QAZLAJOKH, Syria: Syrian Kurds on Saturday repatriated 25 women and children from Iraq’s Yazidi minority after freeing them during the final push against Daesh, a local official said.
The US-backed fighters say they rescued some 300 Yazidi women and children during the fight to take the militants’ last scrap of territory in eastern Syria.
“Today, we will hand over 25 people — 10 women and 15 children — to the Yazidi council in Sinjar,” said Ziyad Rustam, an official with the Kurdish-run group Yazidi House, which reunites rescued Yazidi children with surviving relatives.
“They will be sent to their families,” he told AFP.
At the Yazidi House headquarters in a village near the northeastern Syrian city of Qamishli, women wearing colorful robes collected children scampering around the compound before boarding busses bound for Sinjar, the Yazidi heartland in Iraq.
“The fate of my three sisters remains unknown... I don’t know anything about them,” said 17-year-old Jamila Haidar.

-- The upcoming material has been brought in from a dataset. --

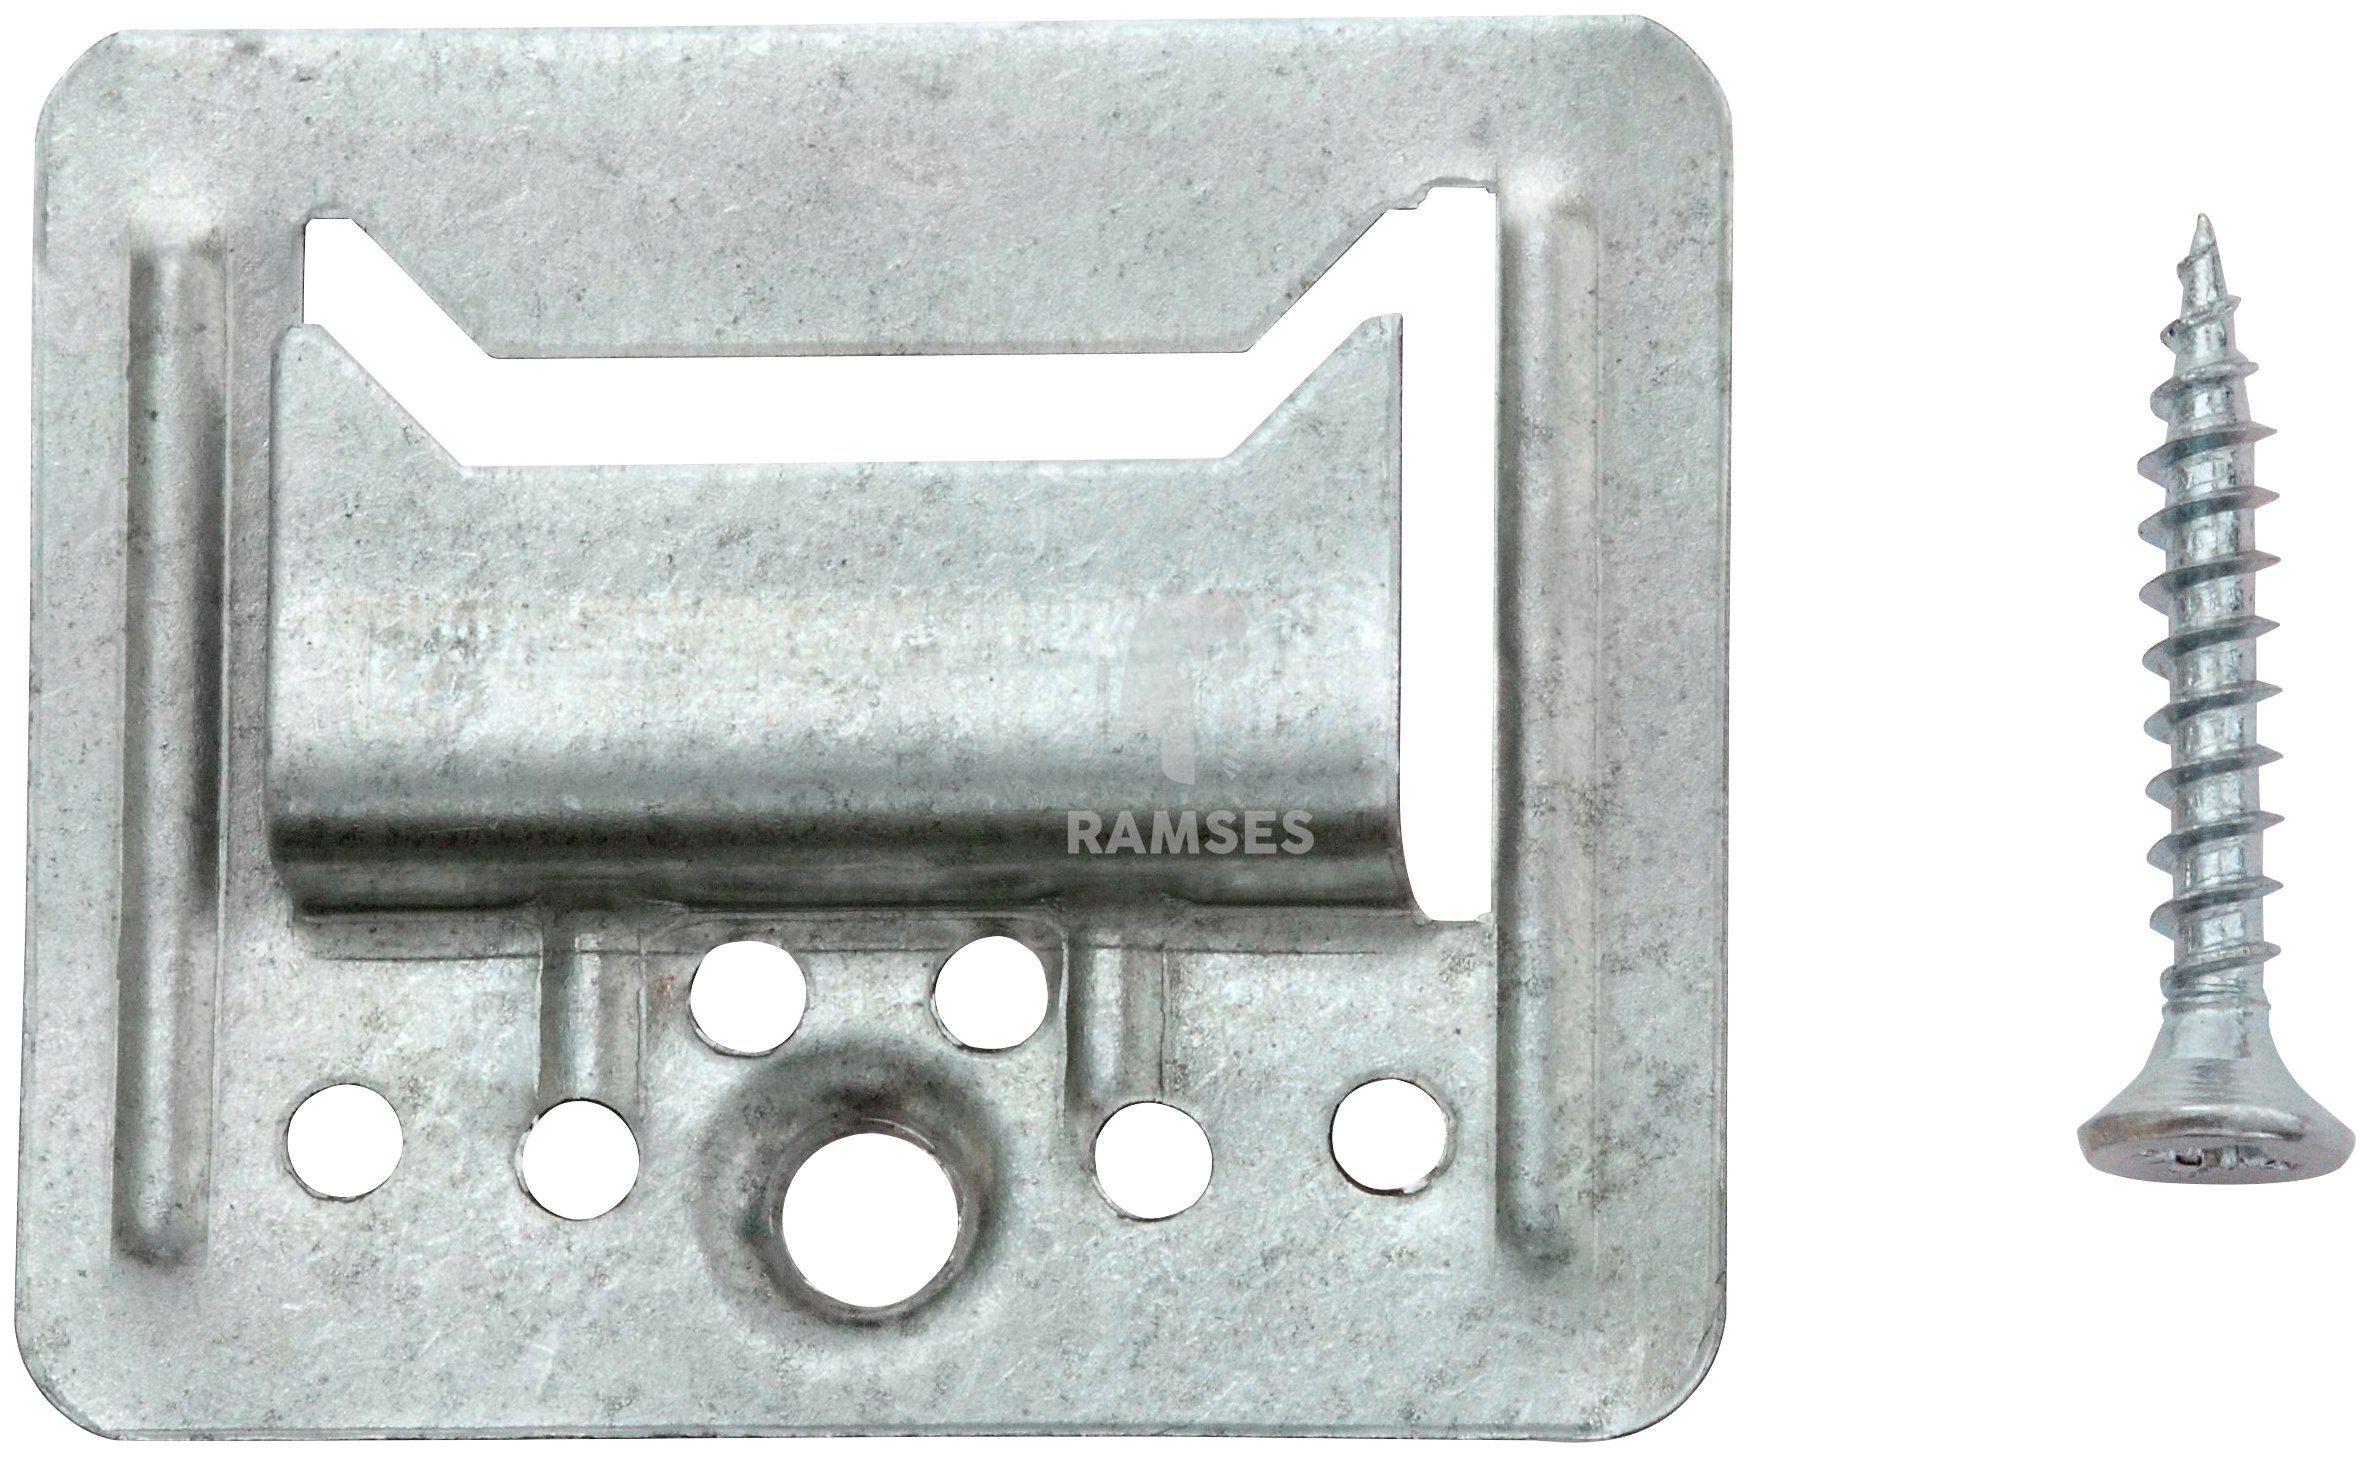 RAMSES Profilholzkrallen , extra stark inkl. Schrauben 4 mm Stahl verzinkt 100 Stück

“I hope we will be reunited soon.”
Iraq’s Yazidis are a symbol of the suffering caused by Daesh during its rein over vast swathes of Syria and Iraq.
The militants stormed through Iraq’s northwest in 2014 slaughtering thousands of men and boys and abducting women and girls to be abused as sex slaves.
But they have since lost all of the once-sprawling cross-border “caliphate” to multiple offensive.
The Kurdish-led Syrian Democratic Forces last month announced the defeat of the Daesh proto-state after tens of thousands of people streamed out of the militants’ last patch of territory, around the village of Baghouz near the Iraqi border.
Rustam said SDF had in total liberated 850 Yazidi women and children during its battles against Daesh since 2015.
But 3,040 Yazidis are still missing, he said, adding that the search for them was ongoing.
Rustam said the militants had “sold many of them to people inside Syria, in places like Idlib,” most of which is held by a former Al-Qaeda affiliate.
Some of the Yazidis extracted from Daesh’s last sliver of territory are being held at the Kurdish-run Al-Hol camp, which also houses militant family members.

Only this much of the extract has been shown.